The Bidens Open Up About Their 'Surreal' Life In The White House

It's been nearly two weeks since the Biden administration moved into the White House. Even though newly minted President Joe Biden has worked there before, he admits the experience of becoming the chief tenant of the space he became acquainted with as vice president, is far from ordinary. "It's surreal ... but it's comfortable. We were here for eight years, just not in this part of the residence. Spent a lot of time in the Cabinet Room and the Oval with the president. So upstairs [in the private family quarters] is new," President Biden revealed to People in the president and first lady's first interview since Inauguration Day. "The residence staff has been so great, trying to make it feel like home for us. We have family pictures all around, our books, some furniture we brought from home," First Lady Jill Biden added.  


Everything has been exciting since Biden was sworn in, even the act of walking through the doors of the White House. "I remember opening the door and walking through and [thinking] ok, it's us... it's US," he continued. "The excitement was palpable. We are so, so fortunate to have the son and daughter we have, and the grandkids we have. And they worked like [a] devil to get here, too. They felt good about it."
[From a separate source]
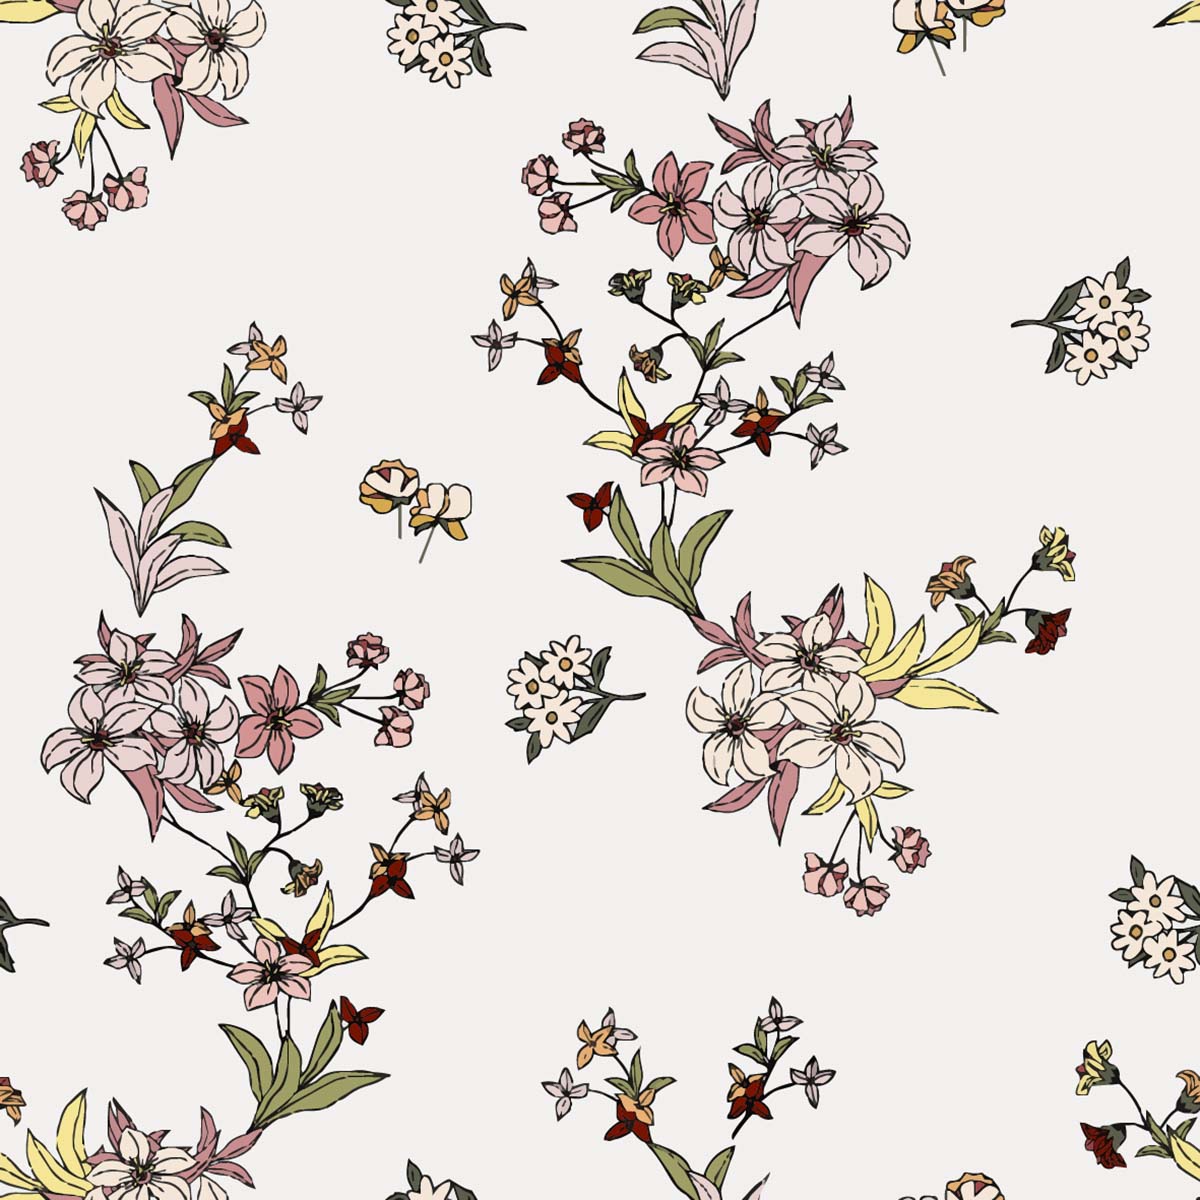 A pattern of flowers and butterflies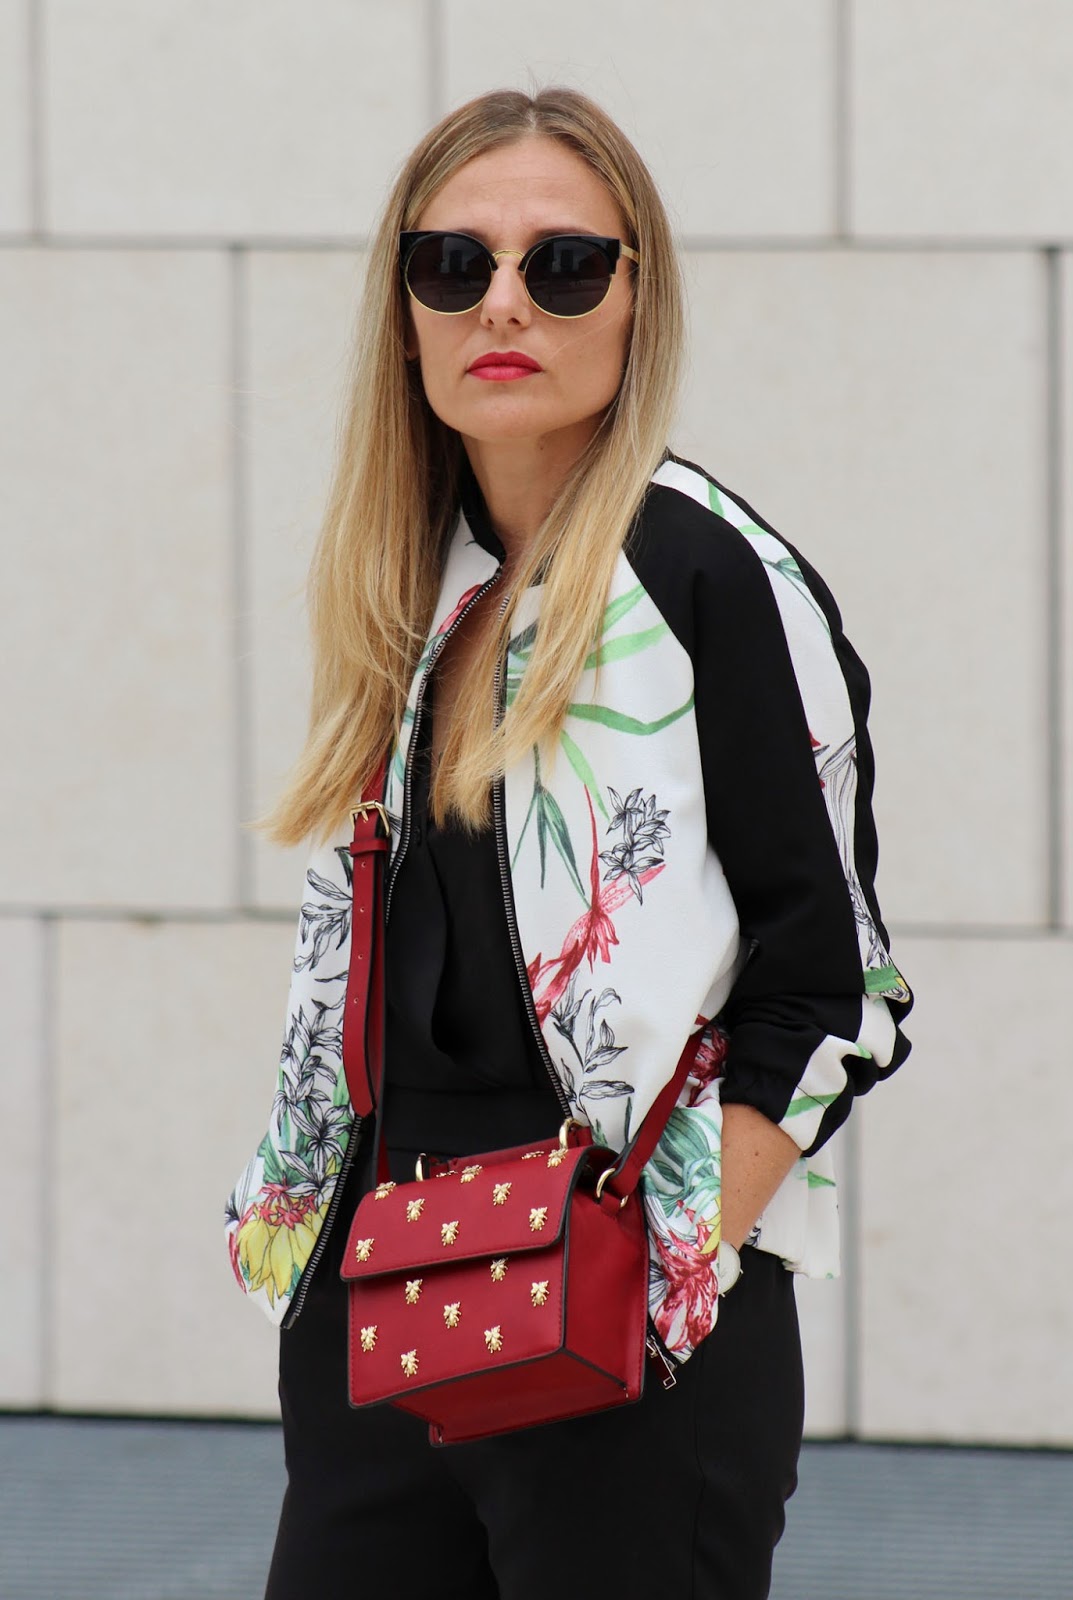 Eniwhere Fashion - Zaful - Black jumpsuit and floral bomber

An inauguration like no other

Thanks to the coronavirus pandemic, the Biden administration kicked off its four years in a style that has never been seen before. More than 30 million might have tuned in to watch the inaugural ceremony on television (via the Los Angeles Times), yet only a handful of past and present senior government officials were on hand to witness the historic event. Festive inaugural balls were replaced by a star-studded primetime special, which was also broadcast to millions of people around the world. 


The Biden family itself celebrated in the Blue Room of the White House residence, and if there was anyone who wondered whether the president felt a small pang of sadness over the unconventional, audience-free inauguration, Biden says he actually wouldn't have it any other way. First Lady Dr. Jill called the whole night "magical" and the president said, "It was great. There was no other place I would have rather been than with the kids" (via People).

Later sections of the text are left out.